Wow that is bullshit. Reminds me of the teacher who failed a student for drawing a digital clock in a square that prompted 'Draw a clock showing 4:30 pm.'

Kid wasn't wrong at all. Poorly worded question.

Further, please enjoy my own bitching about bad teachers all the way up into college:

I had a college professor for Political Science give me a shit grade for only one of the multiple papers required of the class.

Why?

I referenced US Army soldiers out right stating, on video, and with legit newspapers covering this, that they were being instructed to guard opium/poppie farms in Afghanistan, back when even liberals were pretending that was not happening. It was a paper on conflict goods, such as blood diamonds, and she pretended I was a conspiracy theorist.

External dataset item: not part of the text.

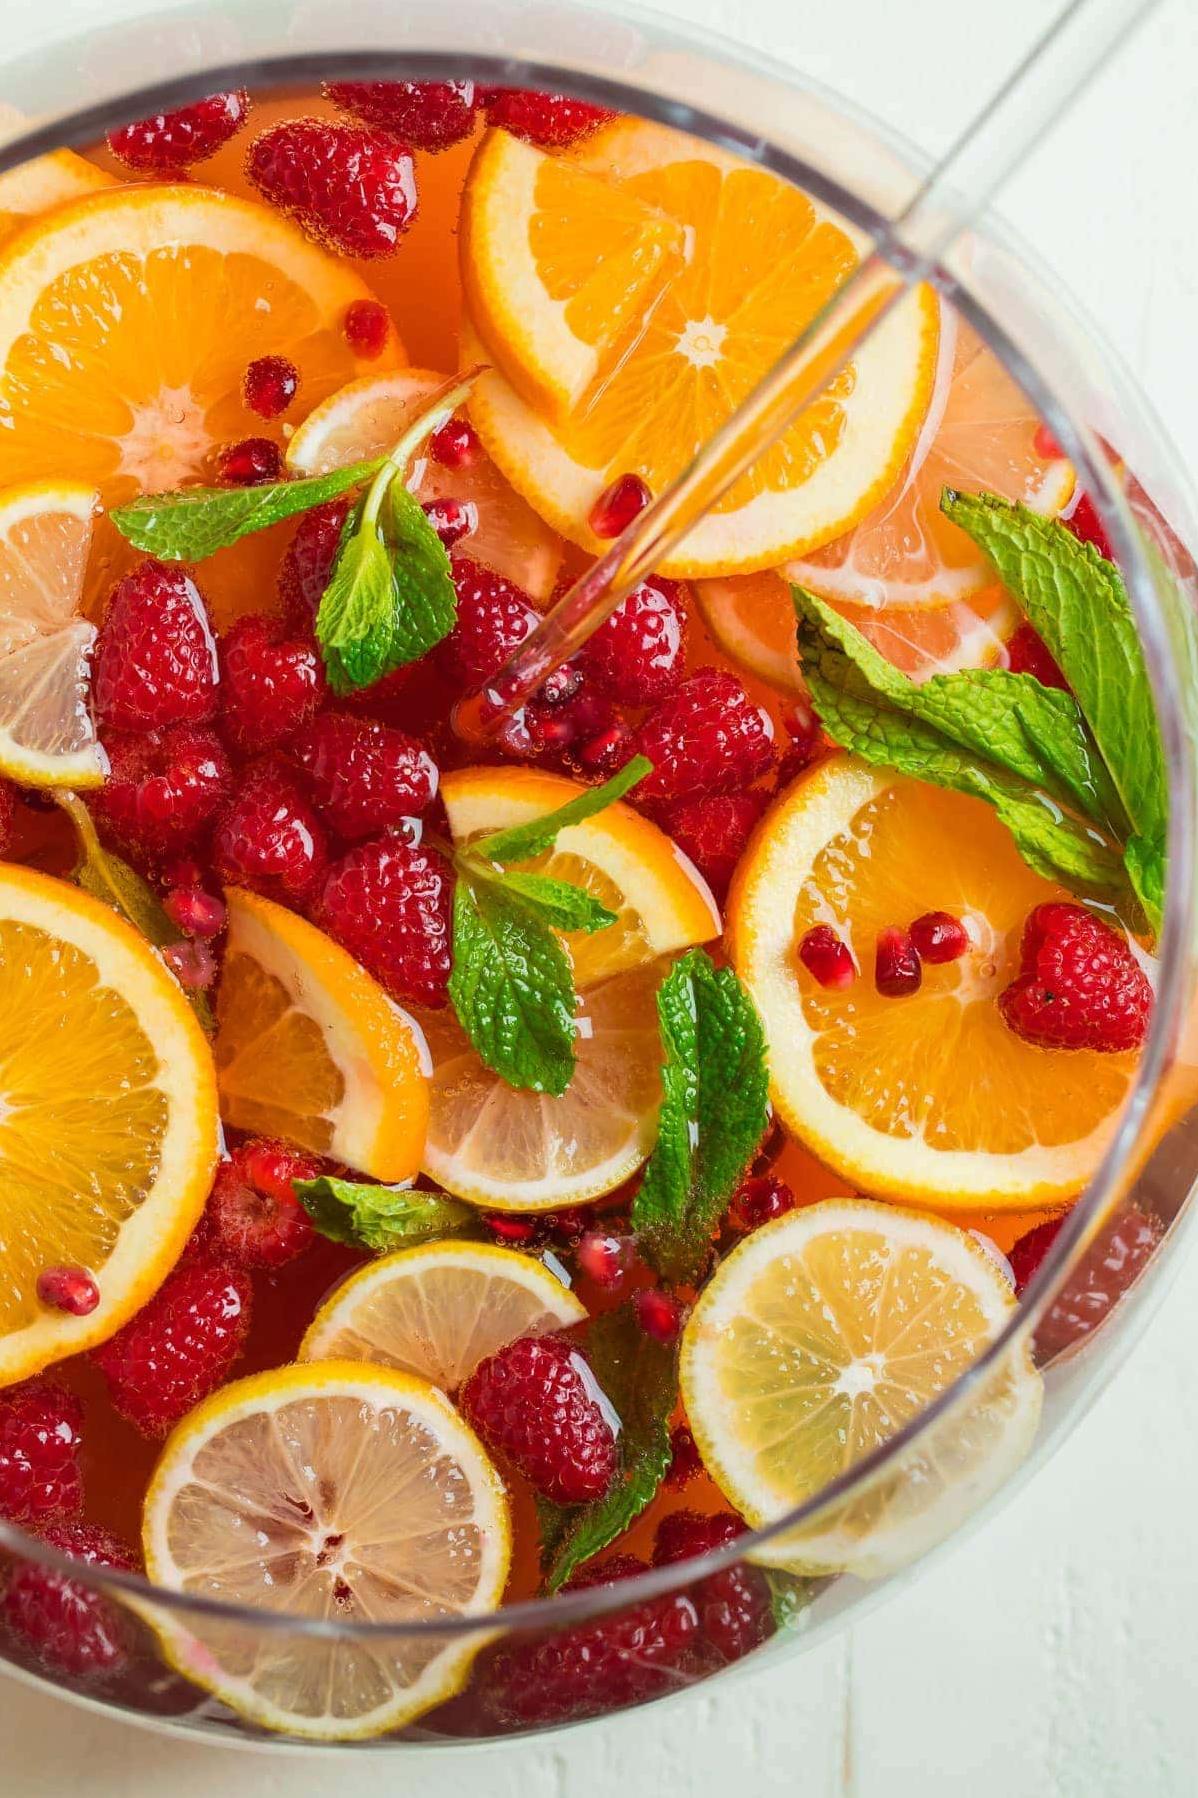 Champagne Fruit Punch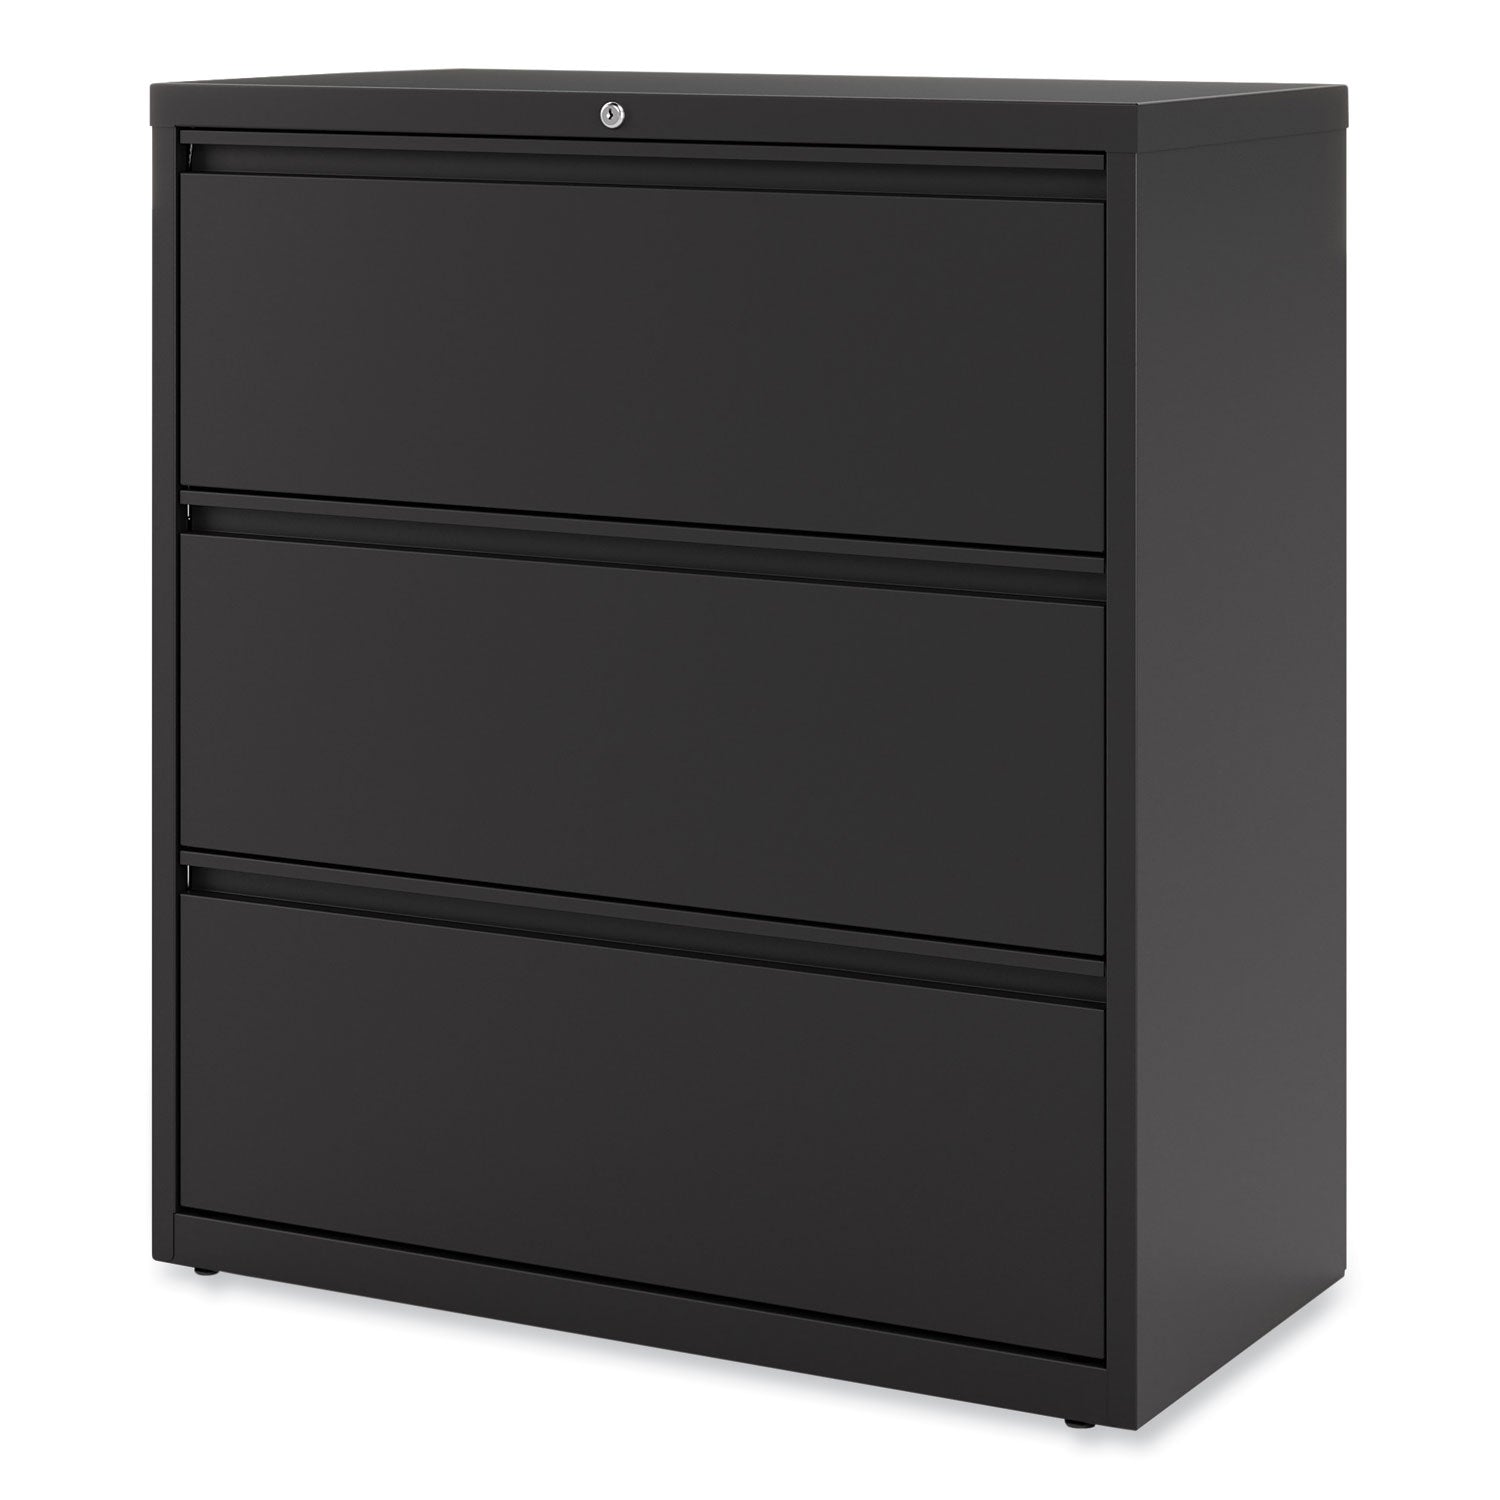 lateral-file-3-legal-letter-a4-a5-size-file-drawers-black-36-x-1863-x-4025_alehlf3641bl - 8

Next year I had an Econ professor give my group and I got a crap grade (got nearly 100% on every thing else) on a report and presentation about Iceland's response to the Financial Crisis of 08.

Why'd he do that?

Because Iceland's actions and the subsequent effects on their economy did not fit into any of the possible policy choices (send all the corrupt bankers to fucking prison) and outcomes that his macroeconomic paradigm allowed to be possible, and functionally disproved it, as according to the model he was teaching us, this should have resulted in basically a total collapse of their economy. (There were some short lived negative effects, but faaar from what we should have expected)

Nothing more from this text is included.